Fifteen Democrats led by Sen. Ed Markey (Mass.) in a letter Thursday to Republican FCC Chairman Ajit Pai asked that he provide more time for comments, citing the unprecedented number of comments on the rules.
“This volume of comments underscores the tremendous interest the public has in this proceeding,” the senators wrote. “Given the unprecedented number of comments, we urge the FCC to extend the reply comment period to allow sufficient time for the public to ensure their views are reflected in the record.”
To date, Pai’s “Restoring Internet Freedom” proposal to roll back Obama-era net neutrality measures aimed at creating a level playing field for internet companies has received more than 16 million comments, more than any other FCC item in history. The previous record happened during the FCC’s last net neutrality proceedings in 2014, in which the public filed about 4 million comments on the matter.
Democratic Sens. Brian Schatz (Hawaii), Ron Wyden (Ore.) and Al Franken (Minn.) were among those signing the letter to Pai.
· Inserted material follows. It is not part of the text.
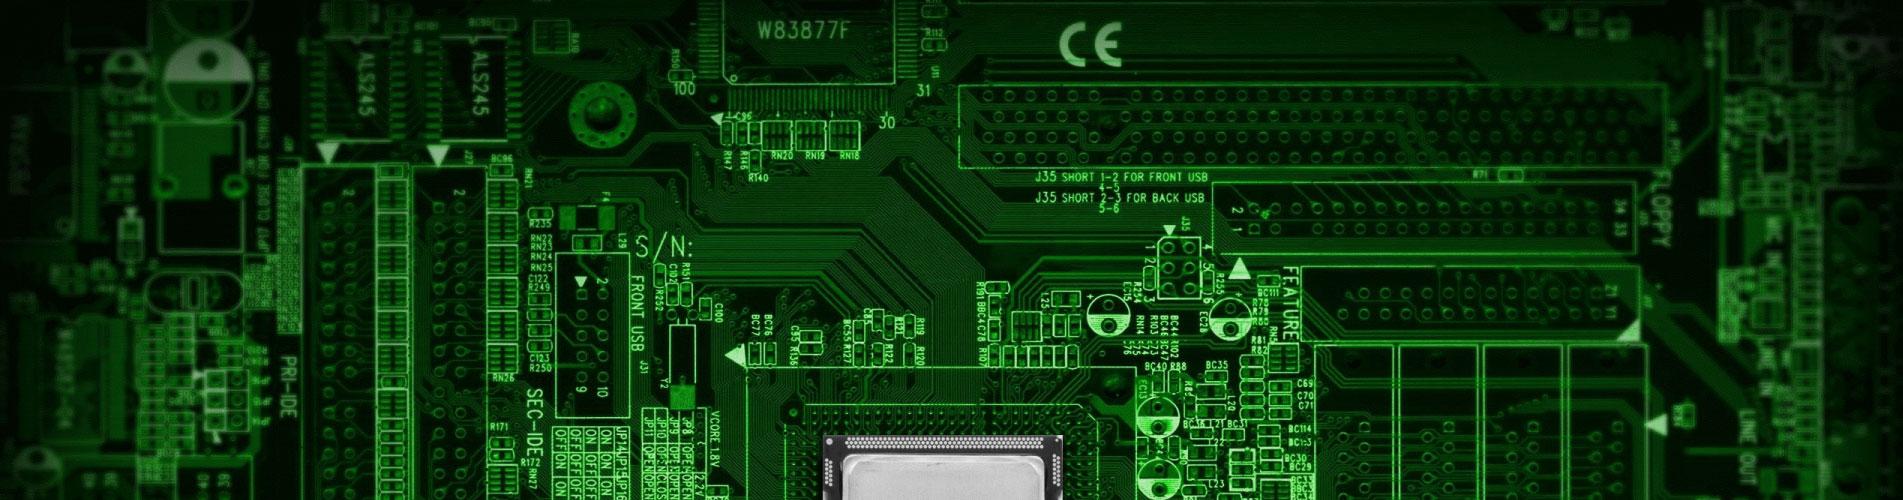 motherboard-slide

The lawmakers also noted that the comment period for approving net neutrality in 2014 was 60 days. Pai has only allowed a 30-day comment period for his plan to rollback the rules.
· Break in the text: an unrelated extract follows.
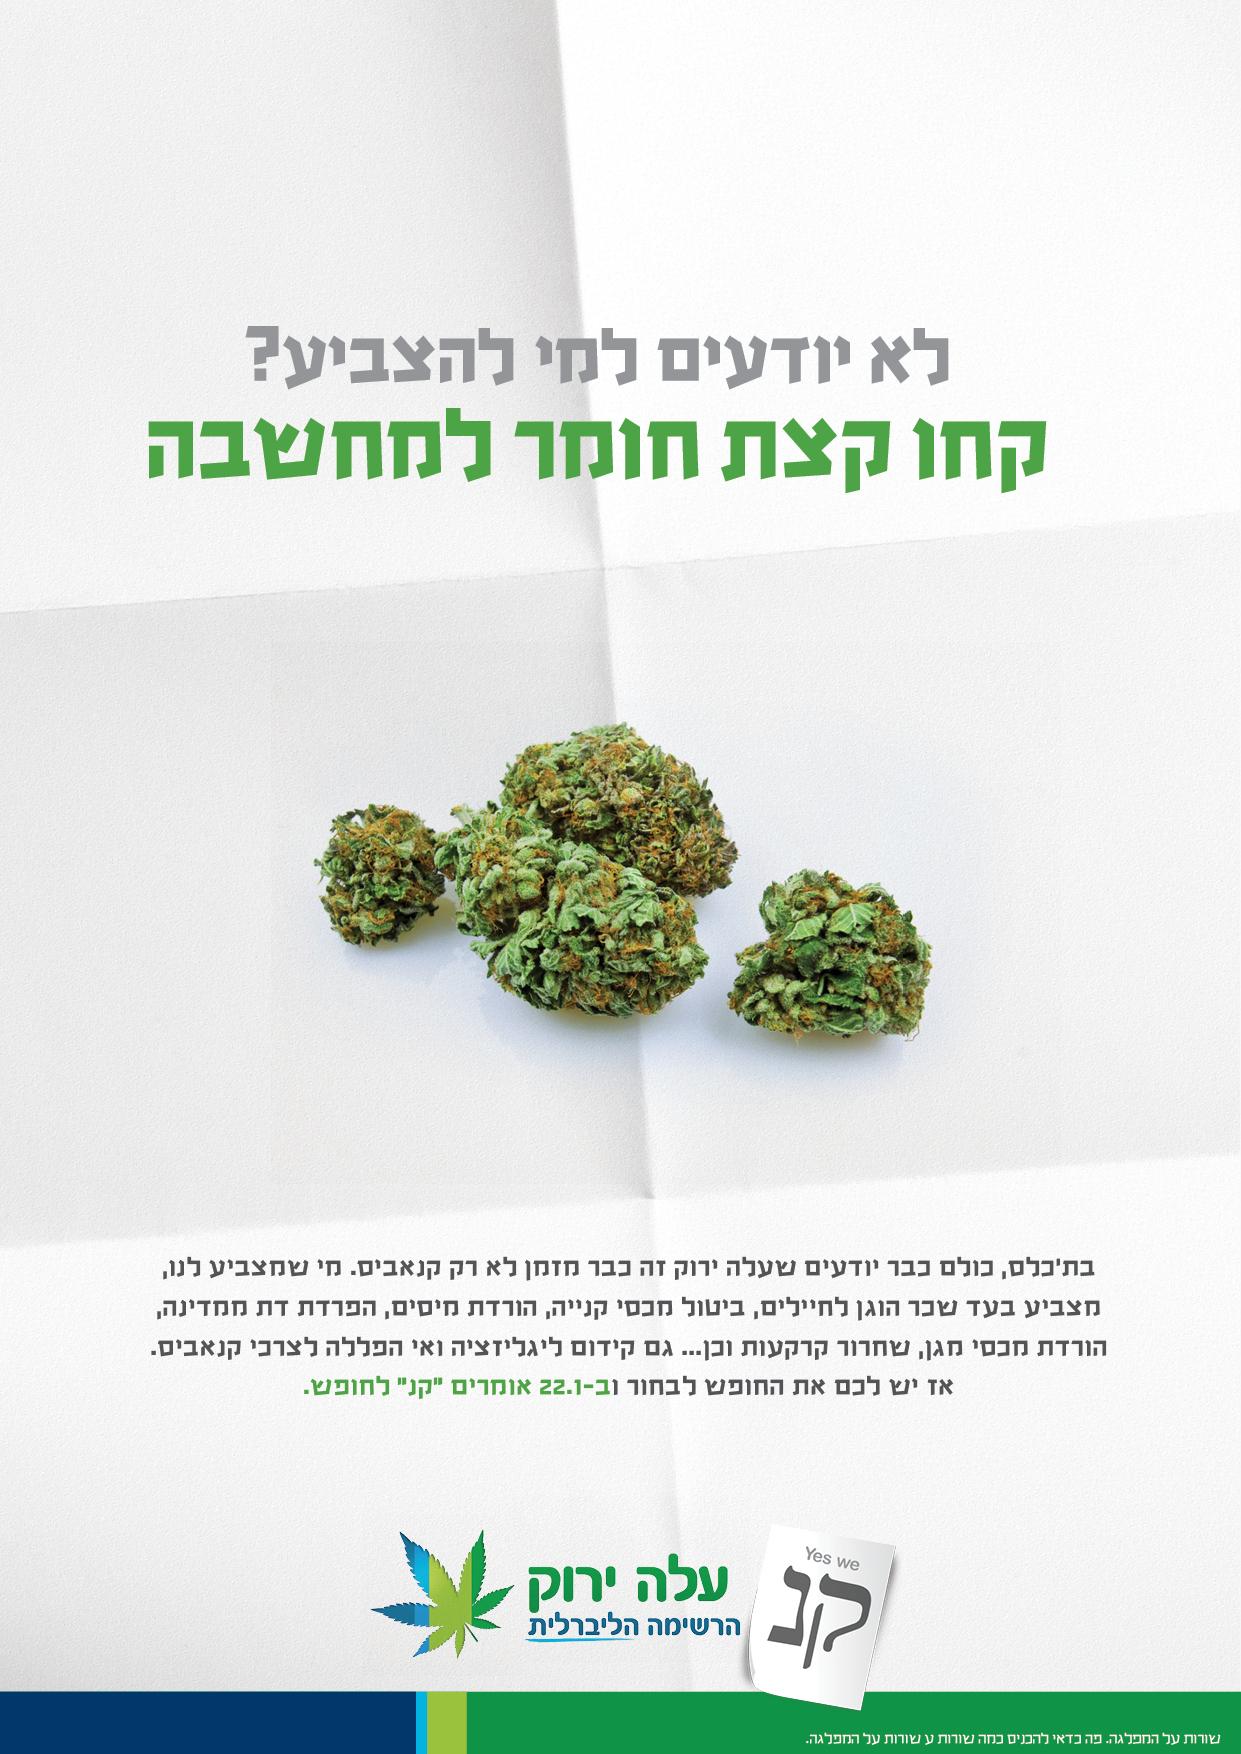 קמפיין הבחירות החדש של עלה ירוק - הרשימה הליברלית

“This proceeding has the potential to impact all Americans and as the expert agency, you should ensure that the Commission provides ample time to ensure all voices are heard,” the senators wrote.
Democratic lawmakers, consumer advocates and internet companies like Reddit and Facebook back the net neutrality rules, while GOP lawmakers and telecom giants like AT&T and Comcast want them scrapped.
Critics say net neutrality has reduced investment in broadband infrastructure and will lead to slower and more expensive internet access for consumers.
Supporters of the rules say scaling them back could give broadband providers too much power over internet content.